## Exercise instructions
Could you repeat the records below exactly, leaving out any pictures?

-- -- --

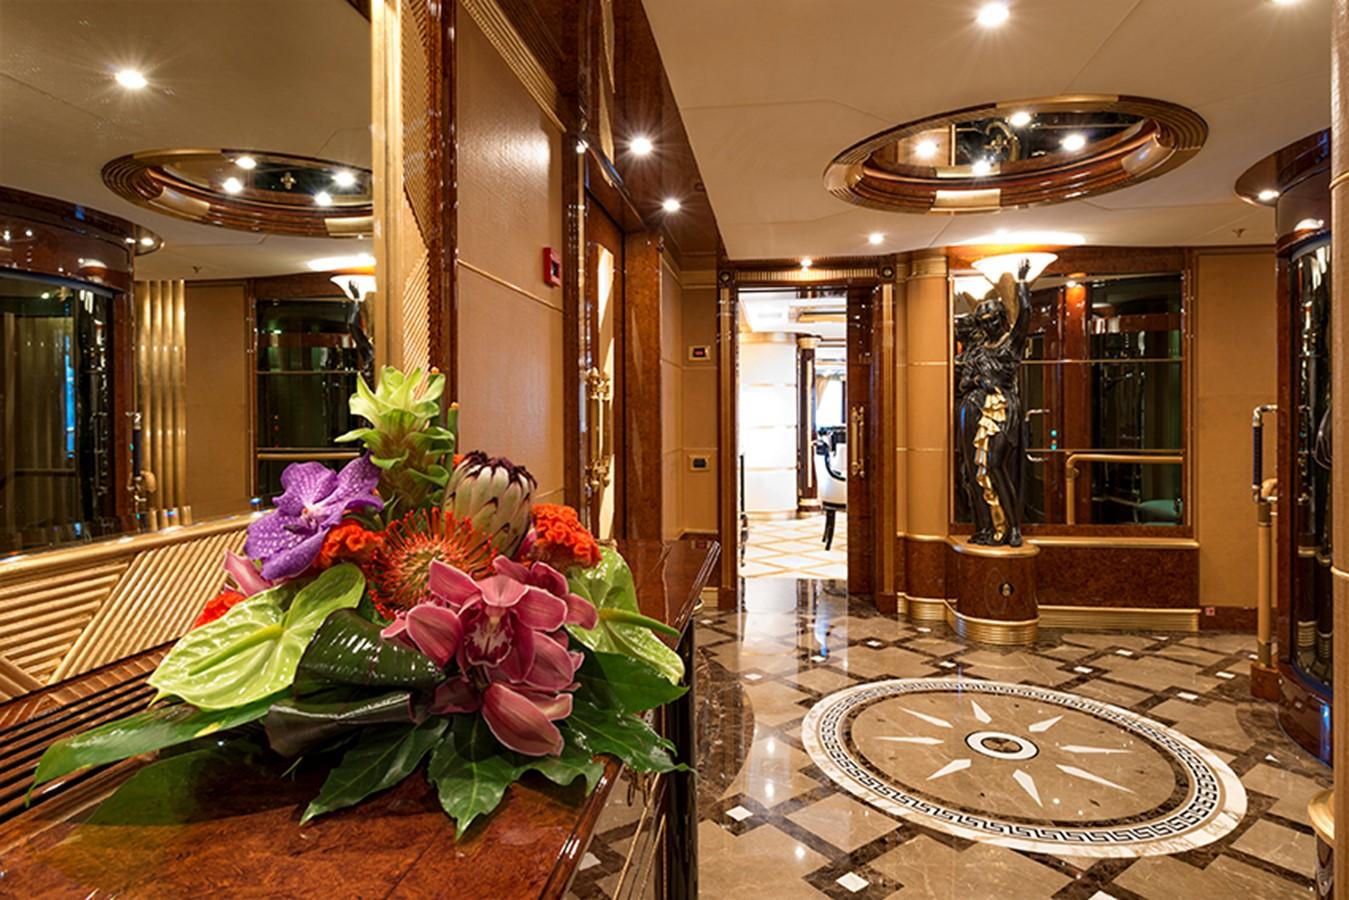 Foyer - 203 BENETTI For Sale
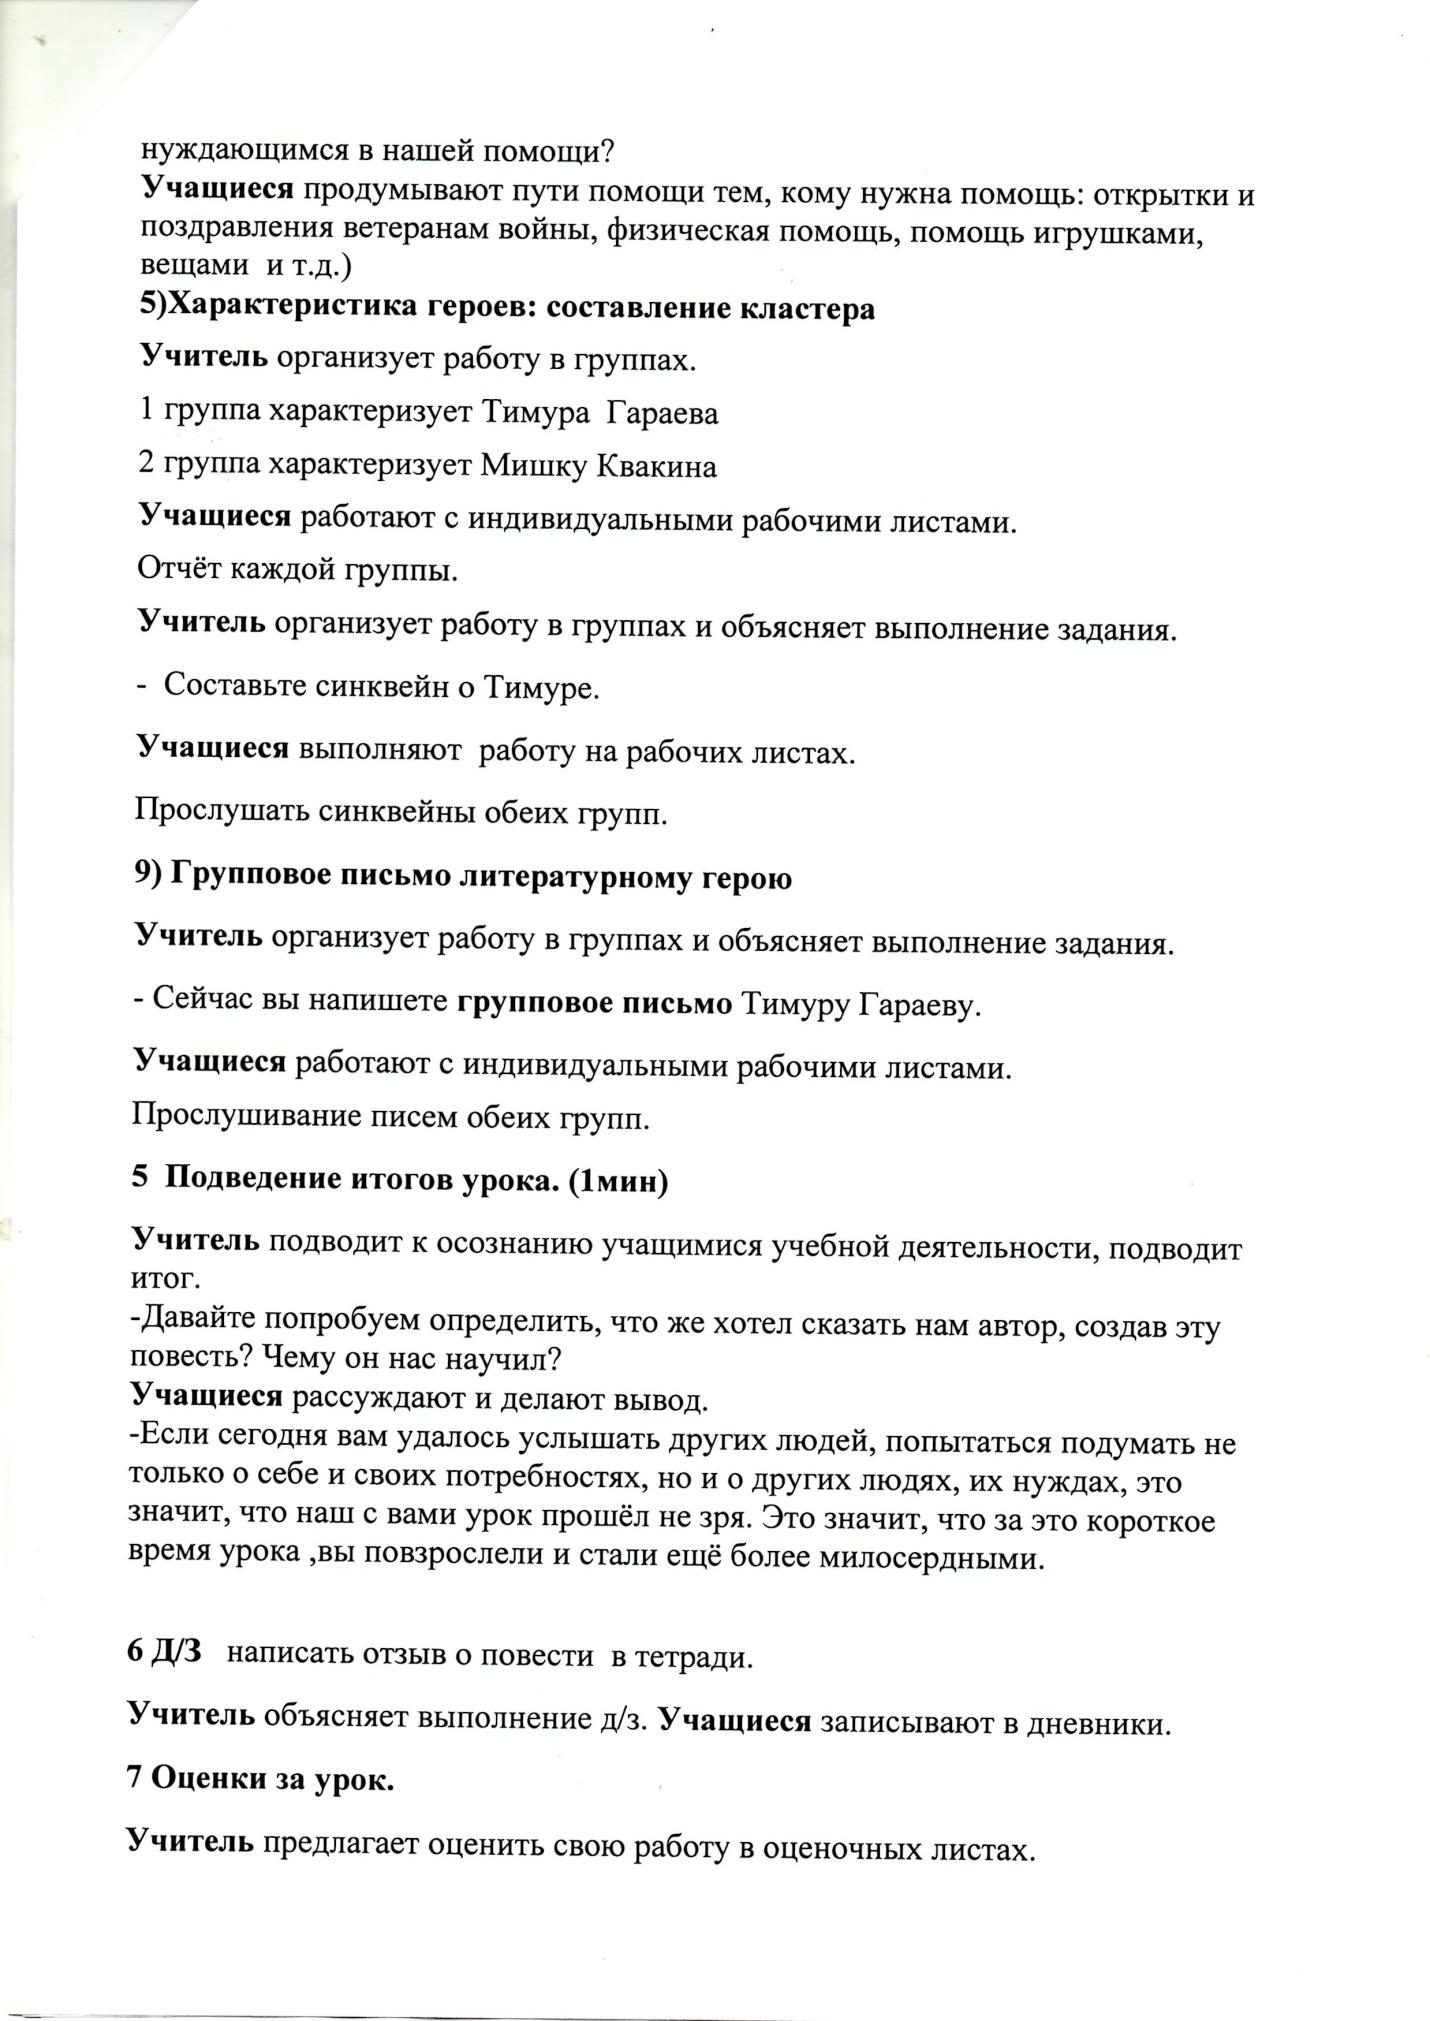 C:\Users\вова\Desktop\сертификаты\img023 (4).jpg
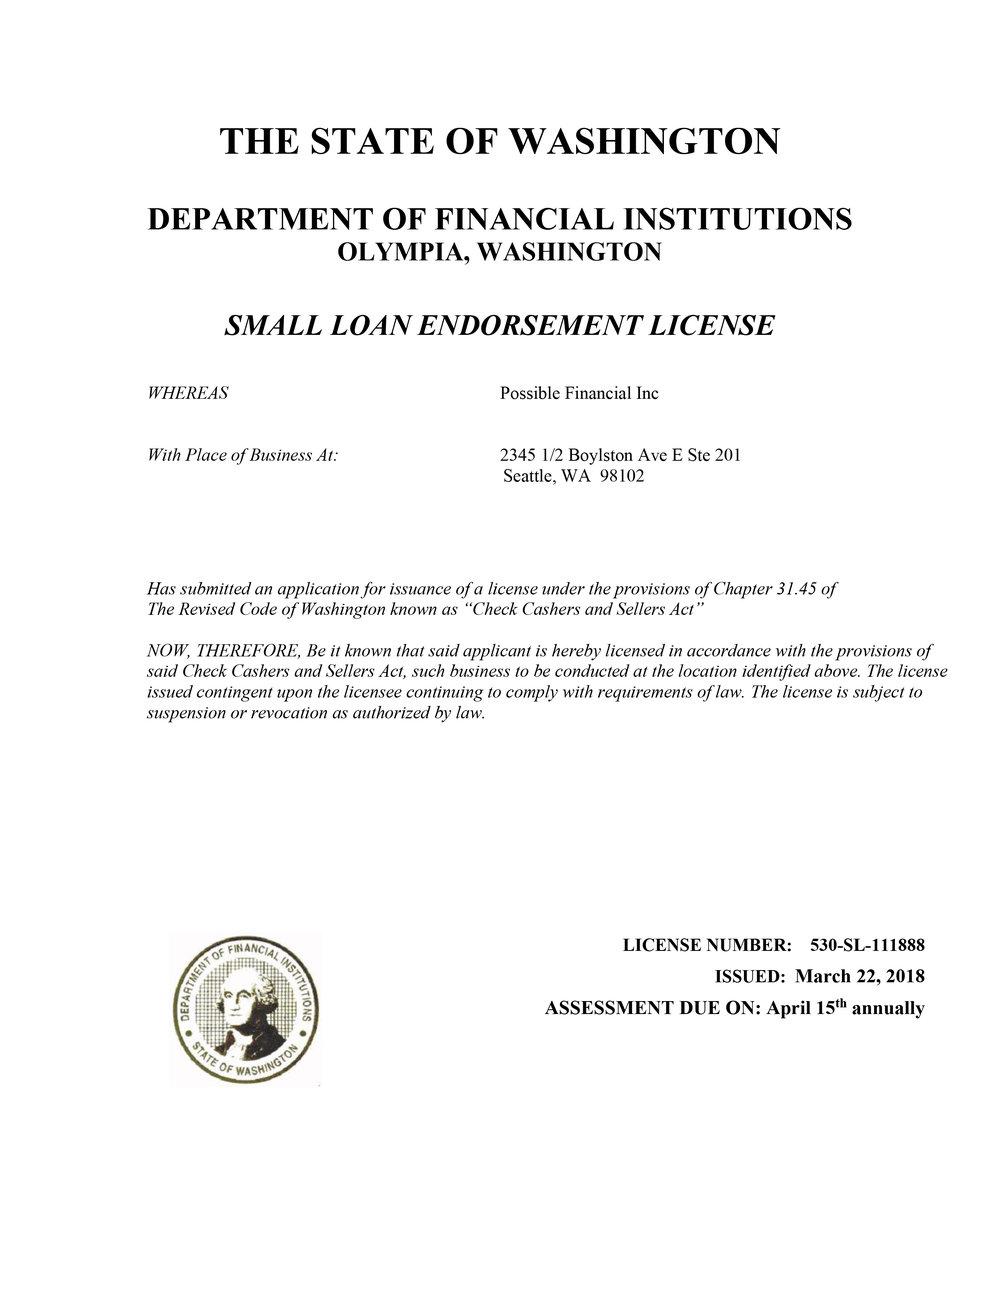 Washington lending license for Possible Finance
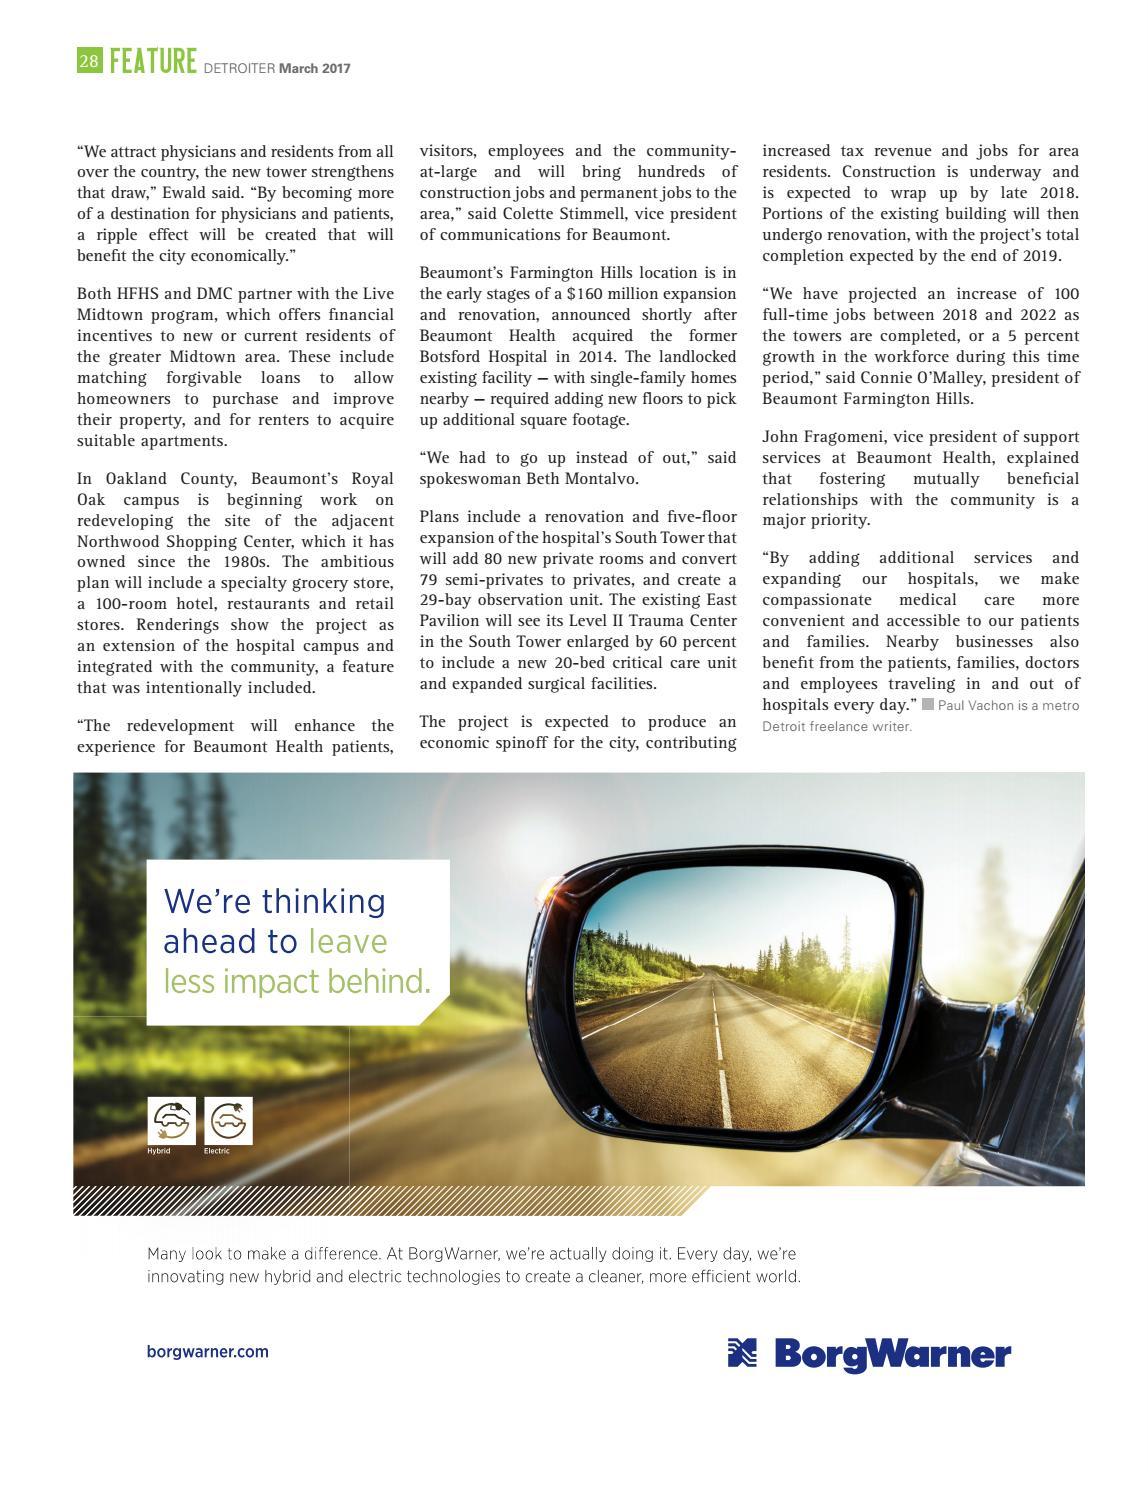 Detroiter Magazine March Issue by Detroit Regional Chamber - issuu
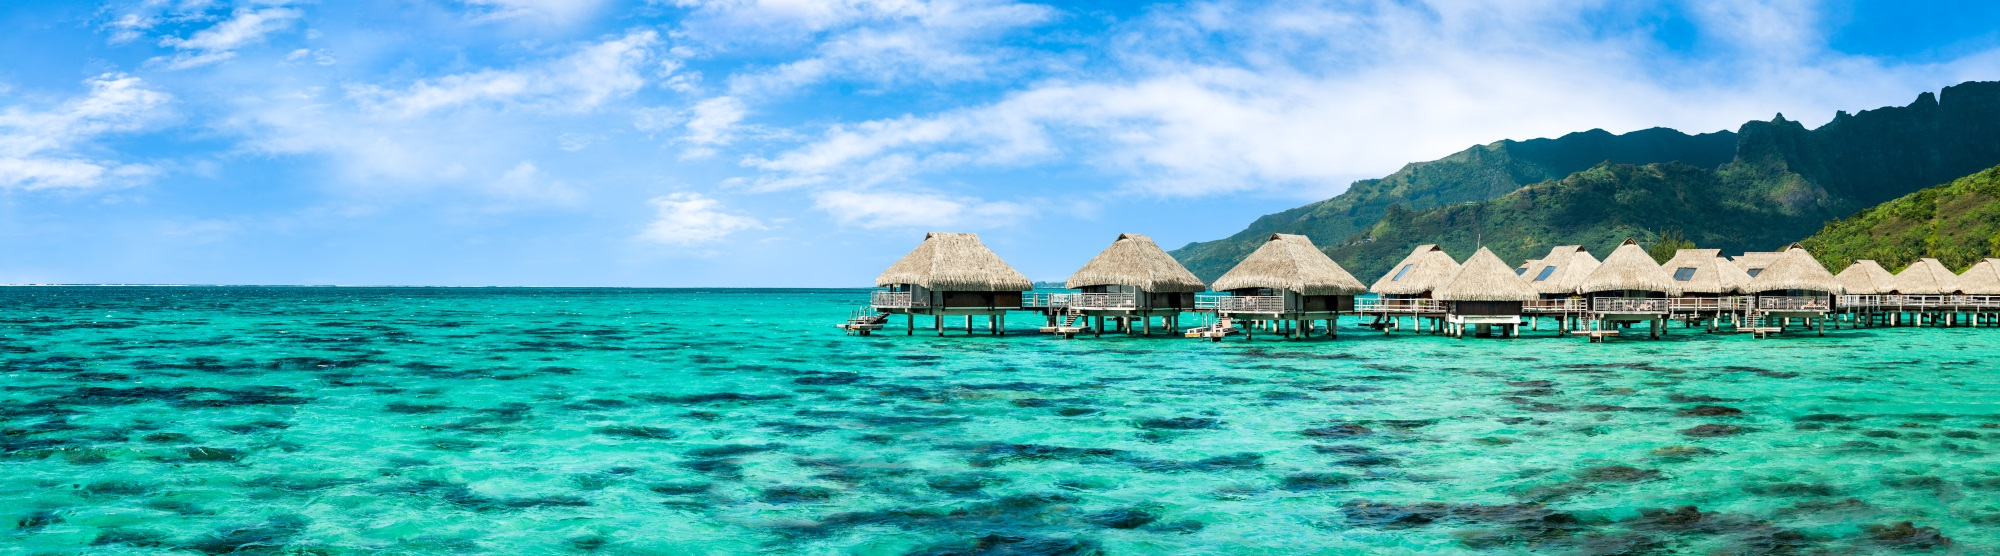 Fidschi Panorama Südsee

-- -- --

## Answer box
 Foyer - 203 BENETTI For Sale
 C:\Users\вова\Desktop\сертификаты\img023 (4).jpg
 Washington lending license for Possible Finance
 Detroiter Magazine March Issue by Detroit Regional Chamber - issuu
 Fidschi Panorama Südsee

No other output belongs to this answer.